Mitigate A New CERT Vulnerability (#598349) With An Entry In /etc/hosts

Mitigate A New CERT Vulnerability (#598349) With An Entry In /etc/hosts

There is a new CERT vulnerability that can leave you vulnerable to a Man-in-the-Middle attack. You can mitigate this vulnerability today by adding these two lines to your /etc/hosts file:

0.0.0.0 wpad wpad.example.com 
:: wpad wpad.example.com

example.com is a stand in for your local domain. So replace example.com with whatever your local domain is.

The essence of this vulnerability is that an attacker can add a device to the network named wpad and get a DHCP lease, thus inserting the name wpad.example.com in the local DNS pointing to the attacker’s machine. The presence of that A record allows control of the proxy settings of any browser in the network.

You can learn more about the technology behind this attack at Google’s Project Zero page–it’s an older article, but gives some insight into the inner workings of the attack.

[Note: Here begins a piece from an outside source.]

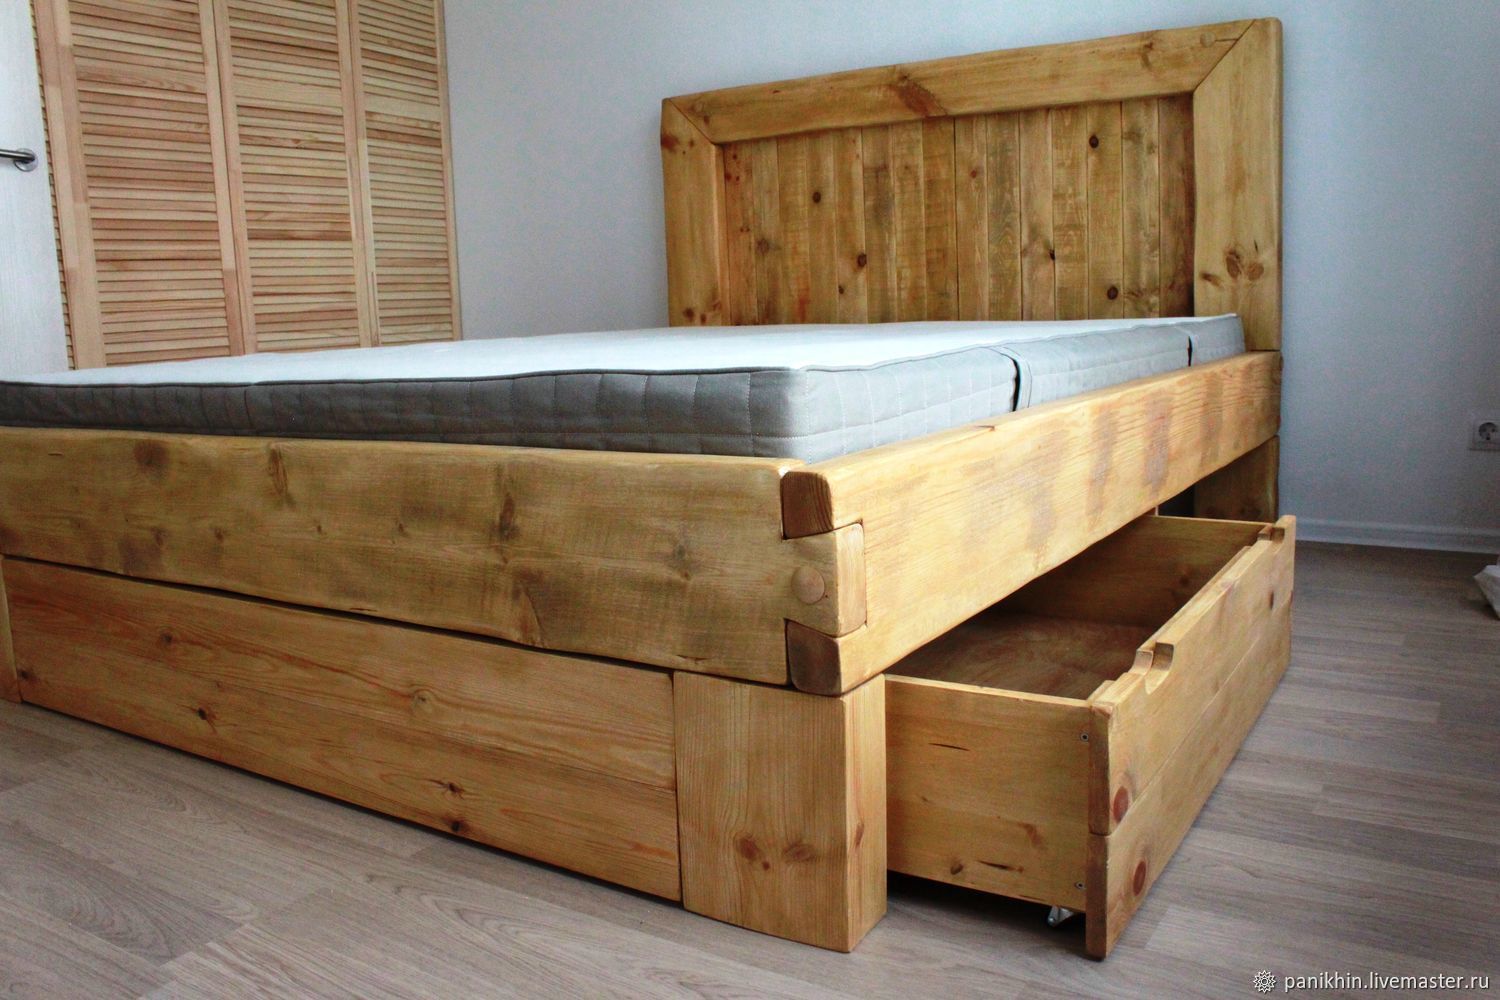 Польза от деревянной двуспальной кровати
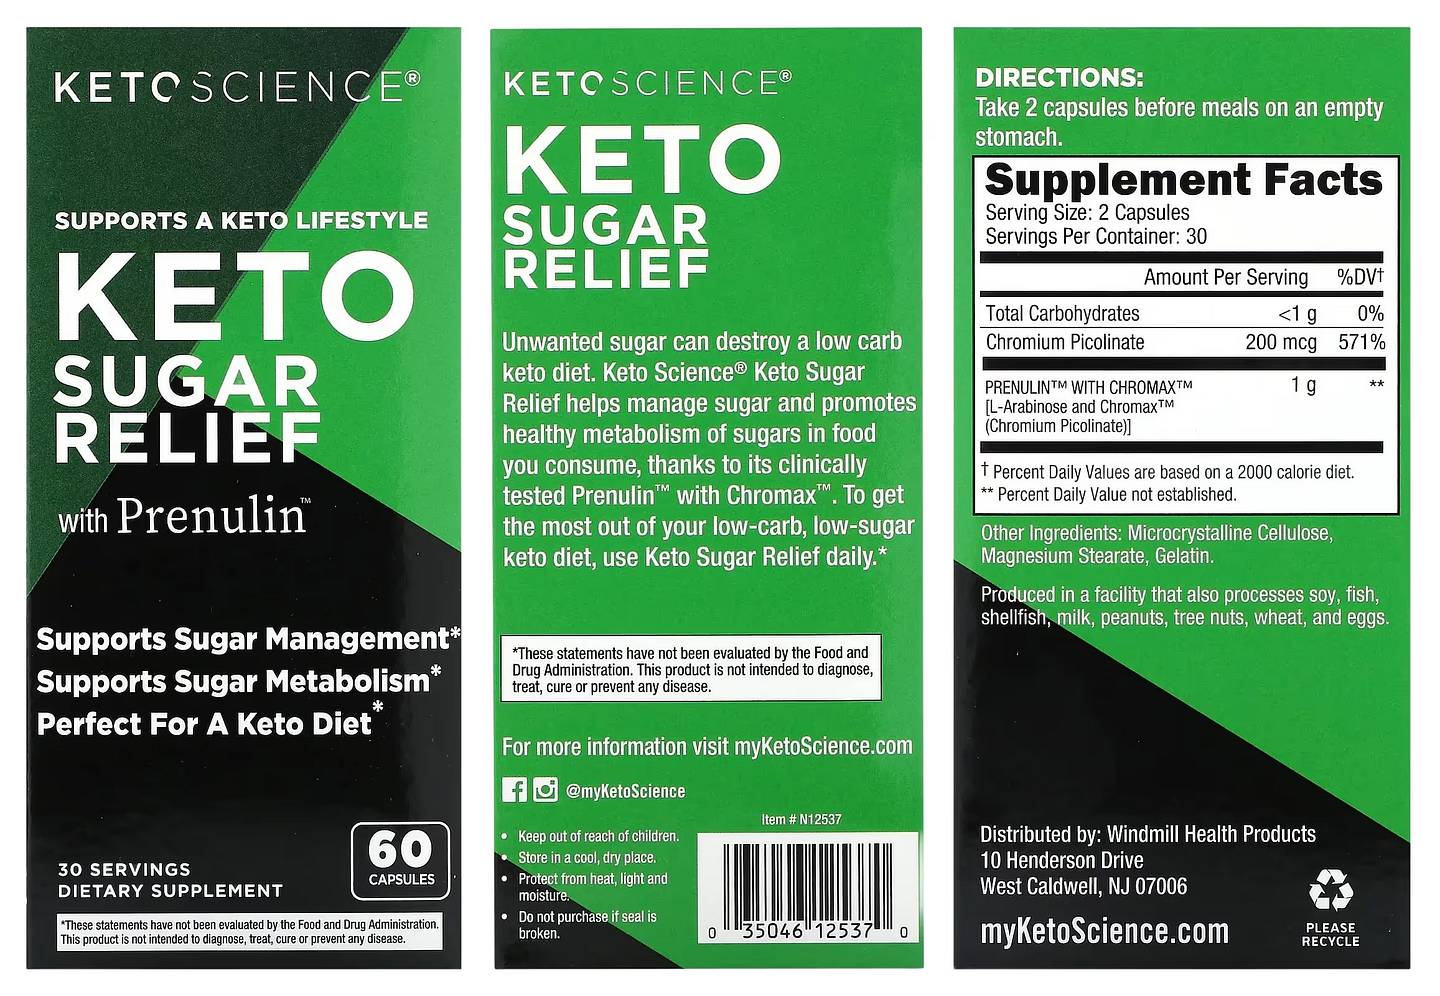 Keto Science, Keto Sugar Relief with Prenulin packaging

The next release of dnsmasq includes an option (dhcp-ignore-names) that can be used to mitigate the attack at the source, but we haven’t heard how Simon will act on this new vulnerability.

Since FTLDNS is just our fork of dnsmasq, we can easily merge in any upstream changes from him, but we wanted to let you know of the /etc/hosts fix that you can immediately implement.